After a two-month closure due to the coronavirus pandemic, Montana’s Glacier National Park reopened its gates to visitors in early June. However, the neighboring Blackfeet Nation made an agreement with the National Park Service to keep the eastern entrances to Glacier closed for the rest of the tourist season in an effort to protect its residents from the state’s recent rise in coronavirus cases.
The Rocky Mountains intersect Glacier National Park from north to south, so access to the park is only possible from entrances on the western or eastern sides. The Blackfeet Reservation lies east of the park, and normally tourism traffic can pass directly through the reservation. However, the vote by the tribe’s Business Council to ban traffic through these eastern entrances resulted in an overcrowding of visitors on the park’s western side.
The Blackfeet and Kootenai Native American tribes first inhabited the 1.5 million acres that would become Glacier National Park. Though it retains most of its original native plant and animal species, its active glaciers have diminished in number from 150 to 26 over the past 70 years, and scientists estimate that the rest will disappear by 2030 if our current climate conditions continue. But visitors may just have to wait until next year to view some of them —including the Old Sun Glacier, named after the great sun priest ‘Naato’saapi,’ or ‘Old Sun,’ of the Blackfeet Nation.

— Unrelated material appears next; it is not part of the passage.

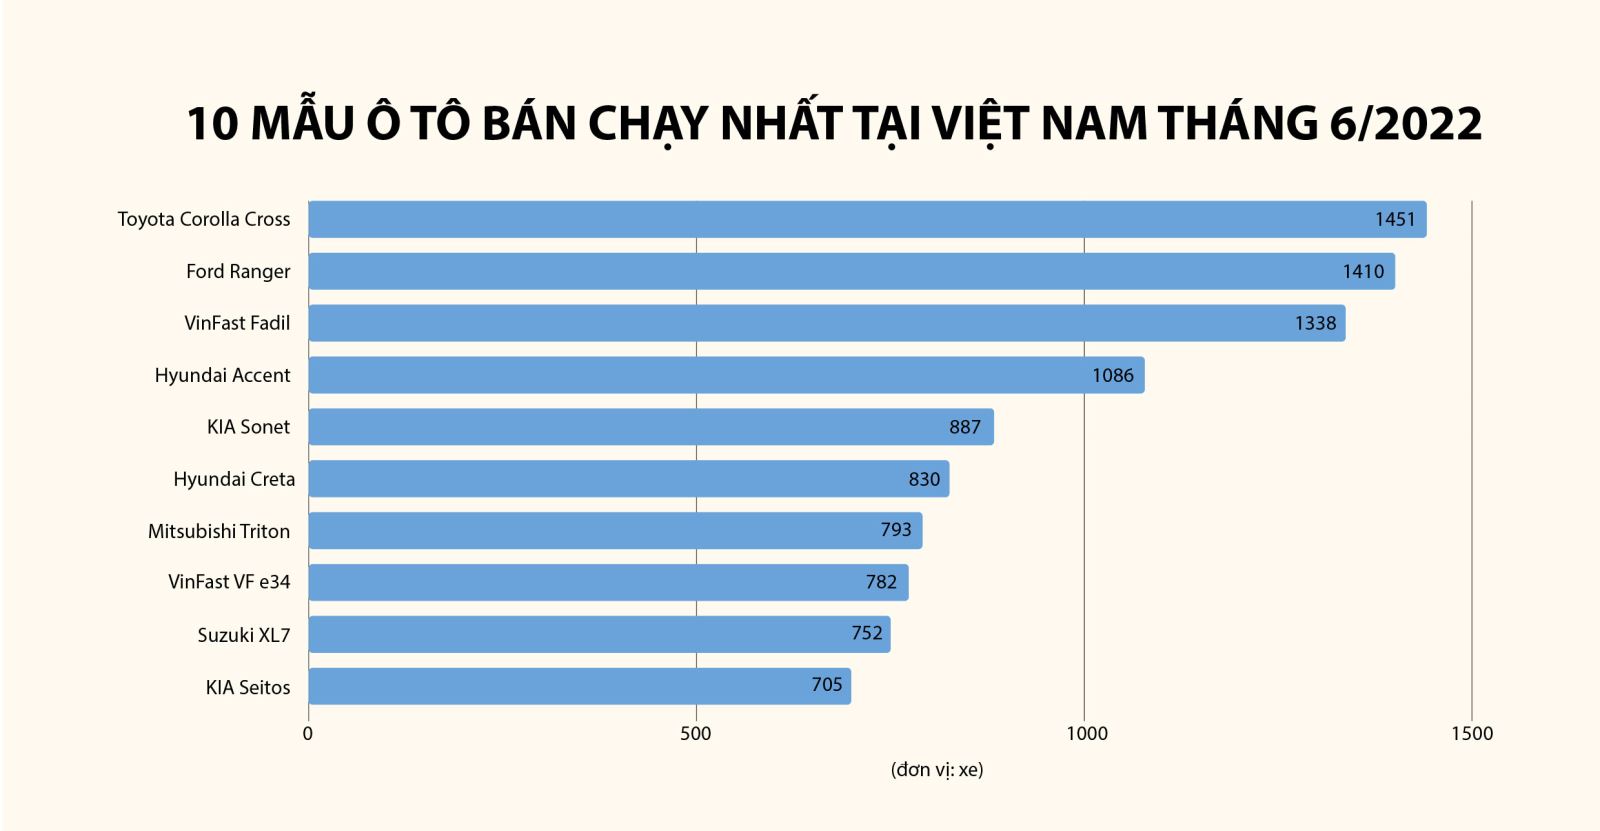 Top 10 mẫu xe bán chạy nhất tại Việt Nam tháng 6/2022.

While national park rangers manage the high volume of traffic on the western side of the park, Blackfeet crews patrol the roads that run through their reservation, keeping all outside traffic moving through and allowing non-residents to stop only for gas, and only if they are wearing masks and gloves. On July 15, the Blackfeet Covid-19 Incident Command posted a poll in which 80 percent of its people voted to set up checkpoints at the entrances of the reservation.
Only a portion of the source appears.